● Exercise description:
When a picture appears in the listing, leave it out and copy the rest exactly as it stands.

● Provided data:
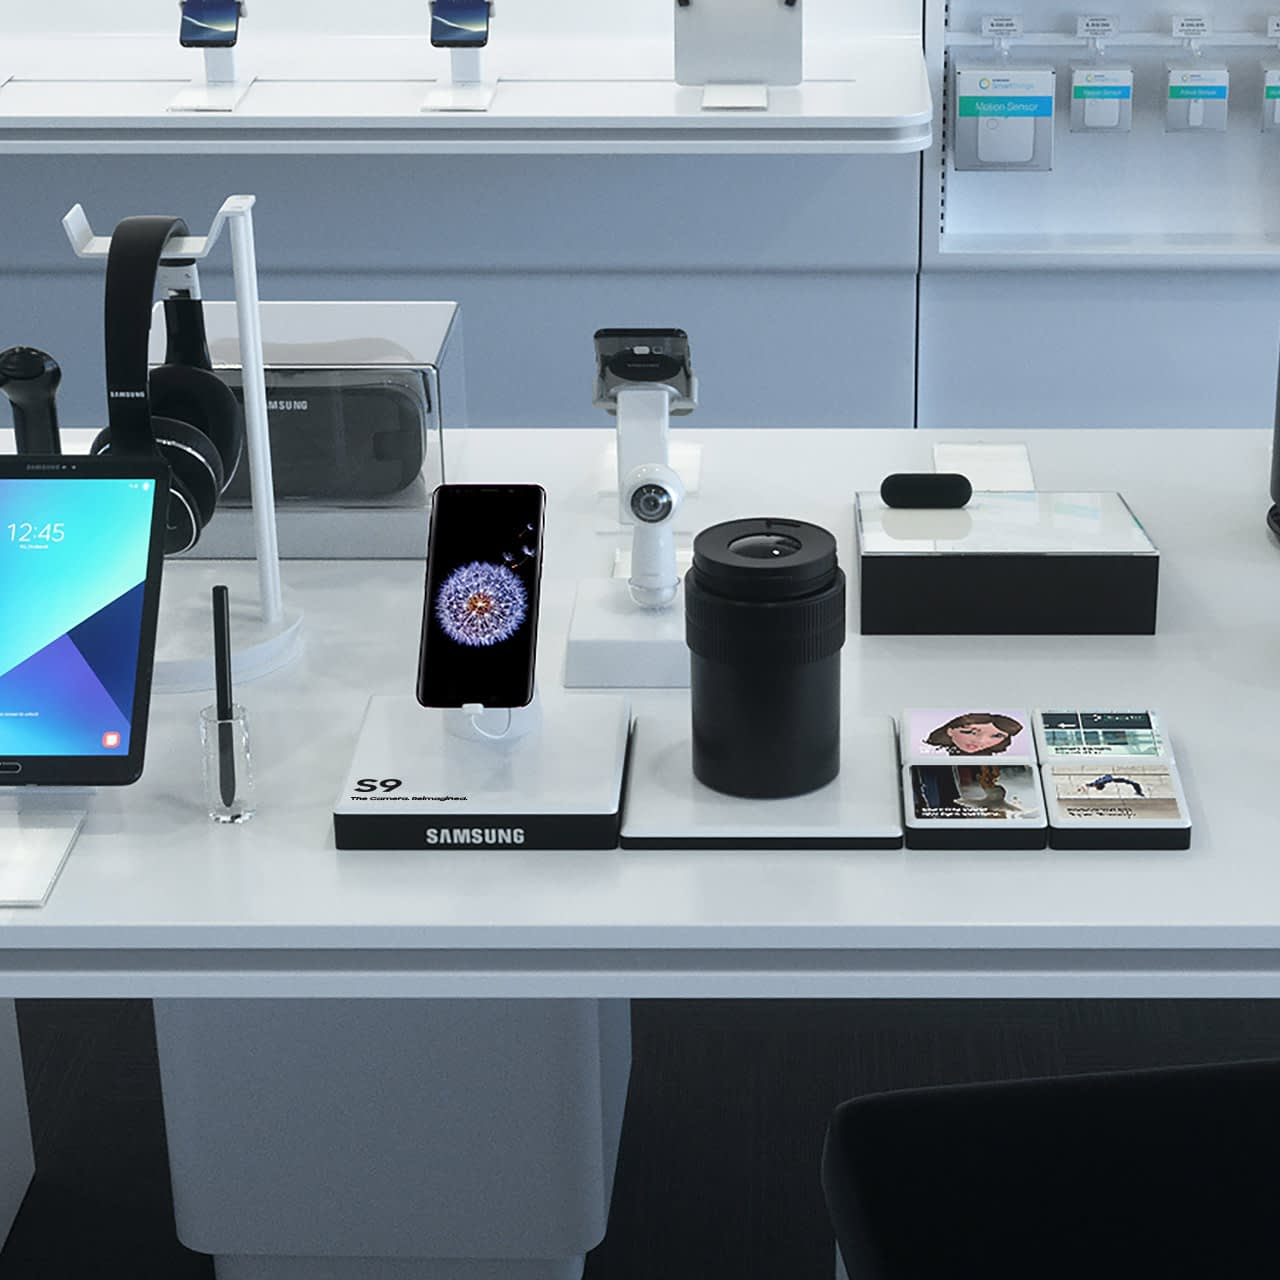 samsung retail in-store 3d rendering
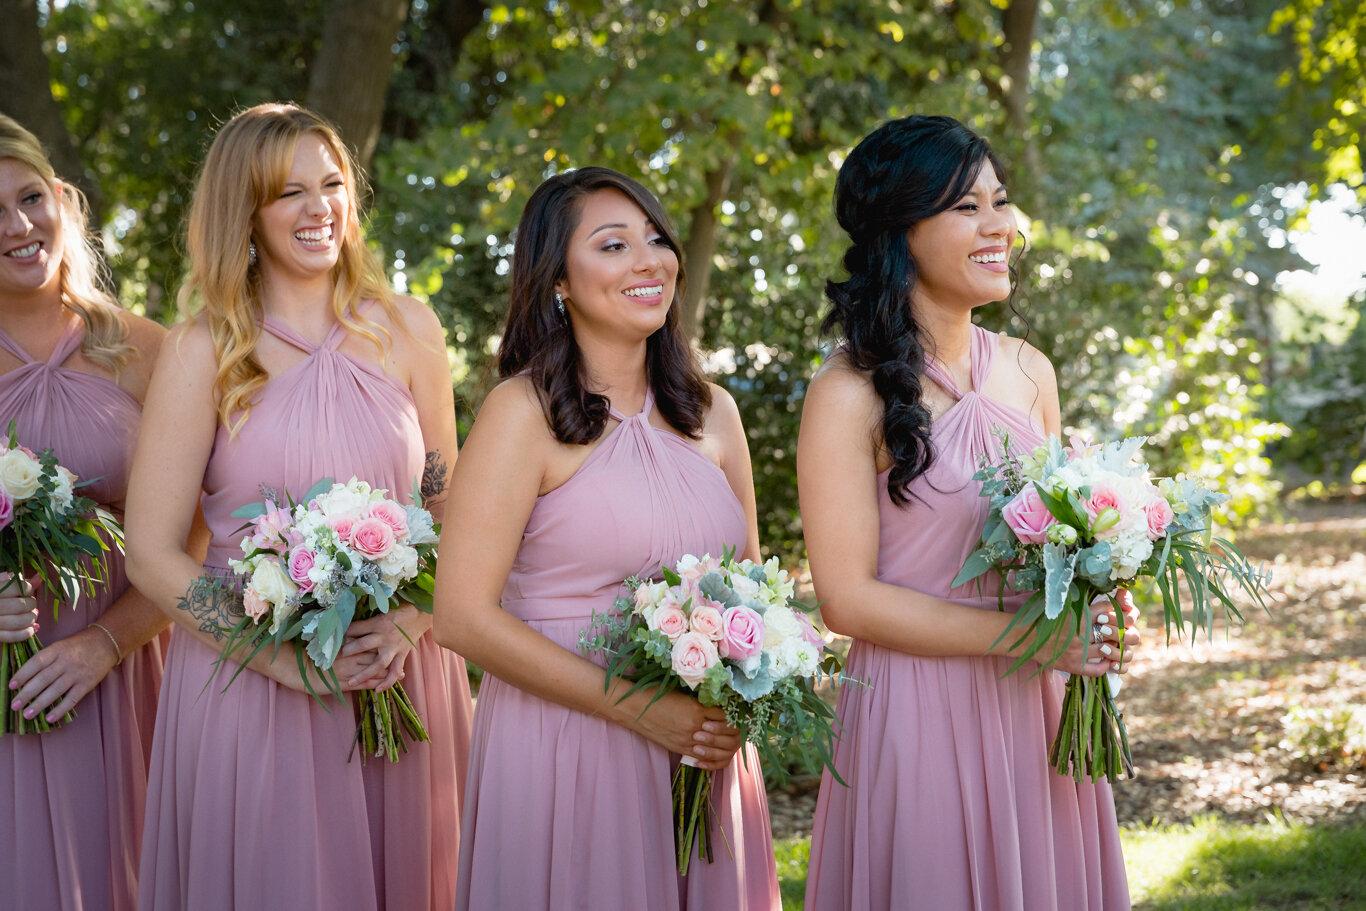 2019.08.24_Emily-Ashir-Wedding-at-the-Maples-5824.jpg
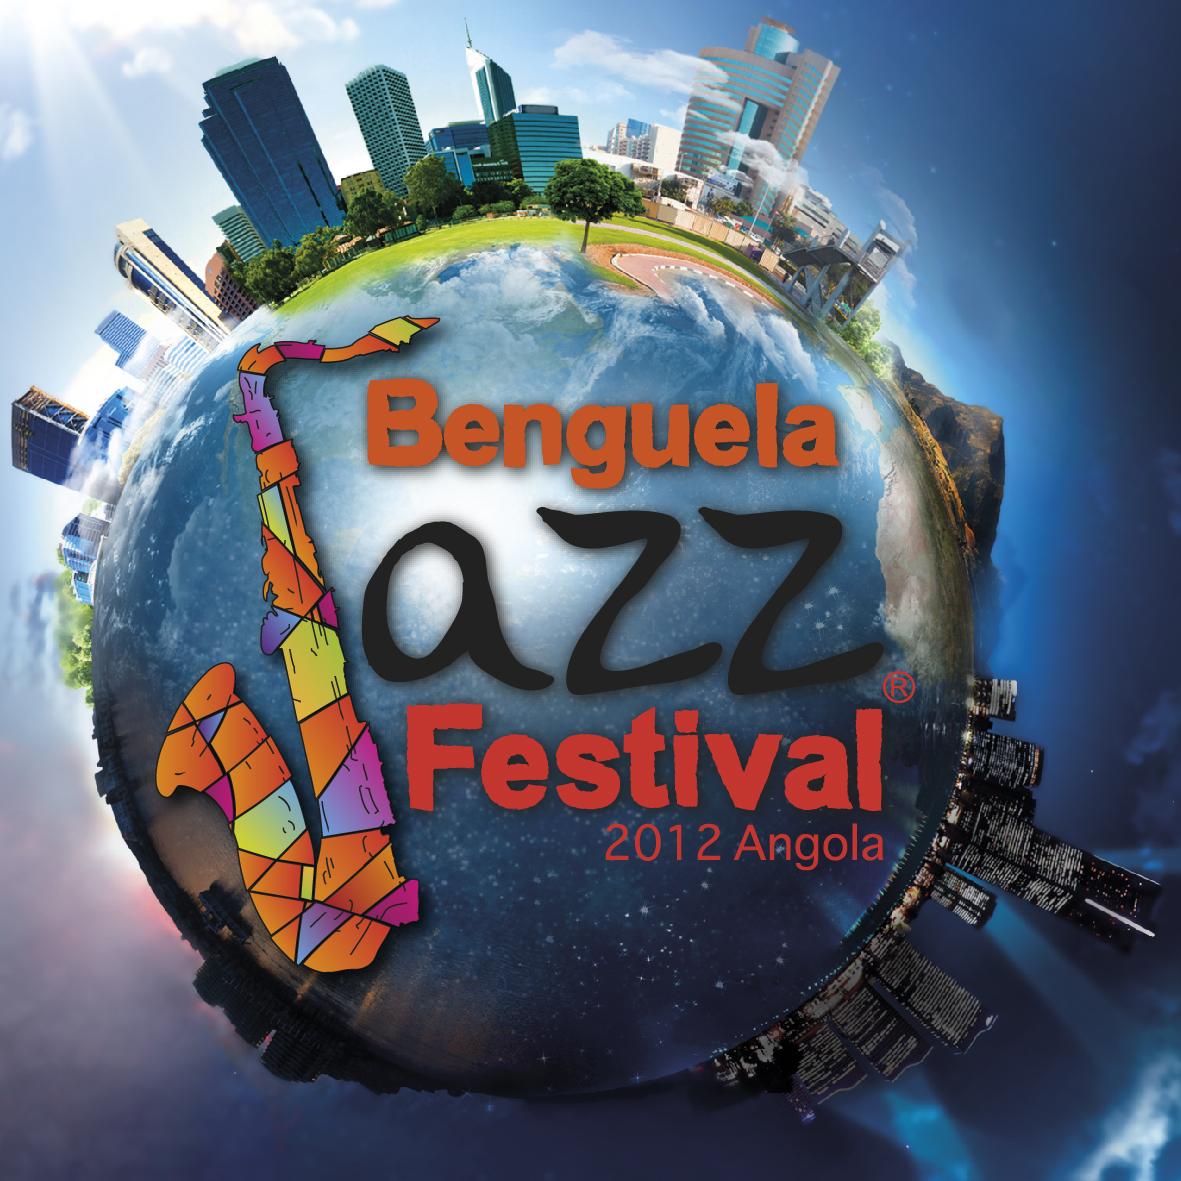 Benguela Jazz Festival

● Exercise answer:
 samsung retail in-store 3d rendering
 2019.08.24_Emily-Ashir-Wedding-at-the-Maples-5824.jpg
 Benguela Jazz Festival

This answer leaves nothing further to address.